GPT-2 Metrics: {'accuracy': 0.143, 'precision': 0.1395582329317269, 'recall': 1.0, 'f1': 0.24493392070484582}


In [24]:
# TODO: evaluate the custom attention model
attn_preds = []
attn_labels = []
attn_model.eval()
for batch in val_loader:
    inputs = batch['input_ids'].to(device)
    labels = batch['label'].to(device)
    with torch.no_grad():
        outputs = attn_model(inputs)
        preds = torch.argmax(outputs, dim=1)
    attn_preds.extend(preds.cpu().tolist())
    attn_labels.extend(labels.cpu().tolist())


attn_metrics = {
    'accuracy': accuracy.compute(predictions=attn_preds, references=attn_labels)['accuracy'],    # TODO
    'precision': precision.compute(predictions=attn_preds, references=attn_labels)['precision'],  # TODO
    'recall': recall.compute(predictions=attn_preds, references=attn_labels)['recall'],          # TODO
    'f1': f1.compute(predictions=attn_preds, references=attn_labels)['f1']                      # TODO
}
print('Attention Model Metrics:', attn_metrics)

Attention Model Metrics: {'accuracy': 0.86, 'precision': 0.4, 'recall': 0.014388489208633094, 'f1': 0.027777777777777776}


# Part 6: Reflection Questions
Answer directly in the markdown cells below once your experiments finish.


### 1. What are the roles of query, key, and value in the attention mechanism?
TODO: Write your explanation here.
Query is the information we are looking for
Key is the avaliable information we have
values are the returned values we get after looking through our keys(the best matches for the query)


### 2. Why do we use a scaling factor in the dot-product attention?
TODO: Summarize the numerical stability rationale.
it prevents the dot products from becoming to large.

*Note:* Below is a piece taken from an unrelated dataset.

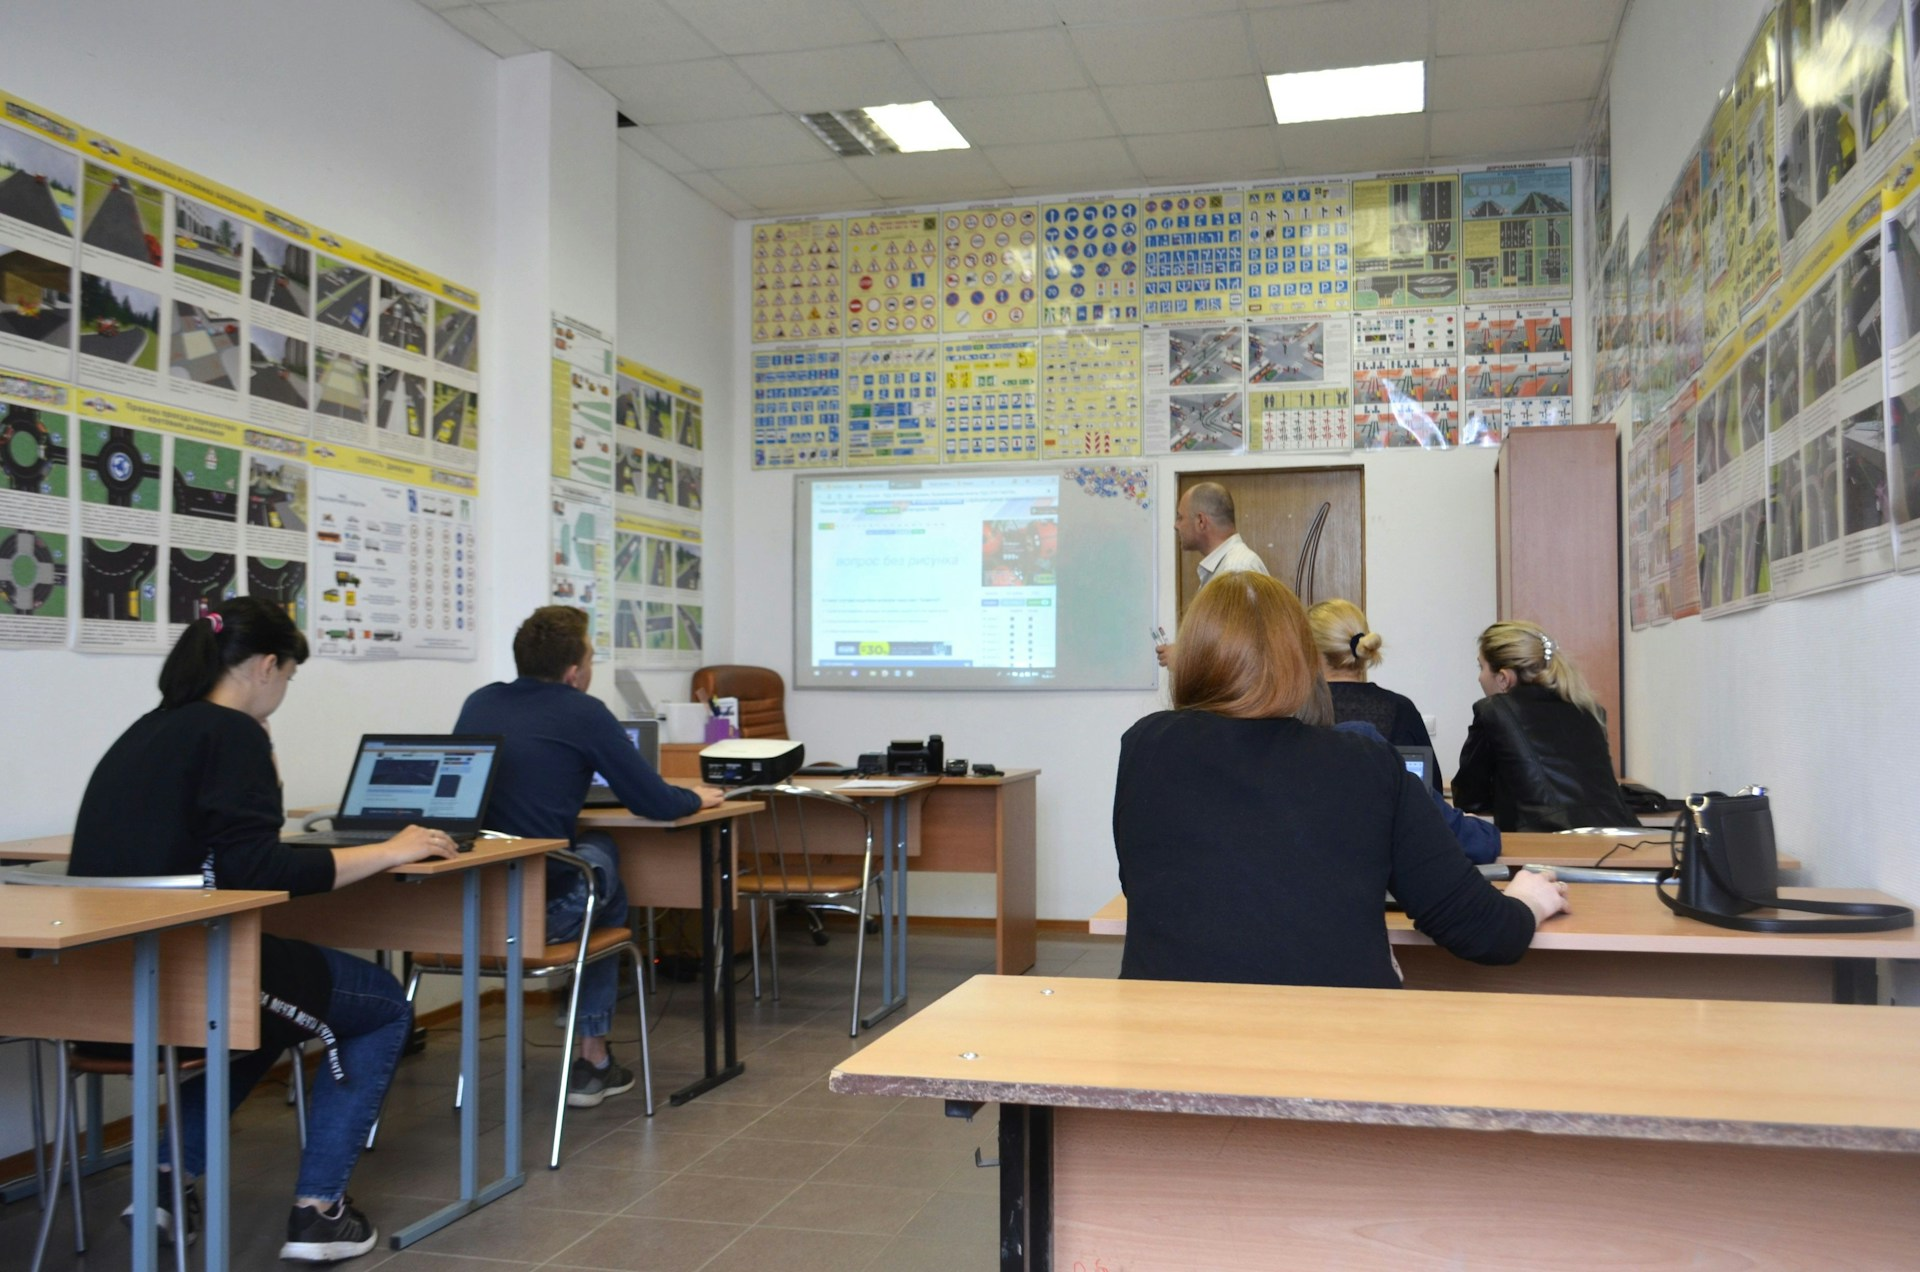 Students attending a class

### 3. How does self-attention differ from traditional sequence models like RNNs?
TODO: Compare processing style, dependency capture, and efficiency.
it processes each word and is able to effeciently connect words even in large sentences. RNN struggle to retain connections on longer prompts.

### 4. Performance analysis
TODO: Discuss which model performed better, describe trade-offs, and suggest one improvement for the custom attention classifier.
The gpt model performed better on recall but the attn model was more accuracate and precise.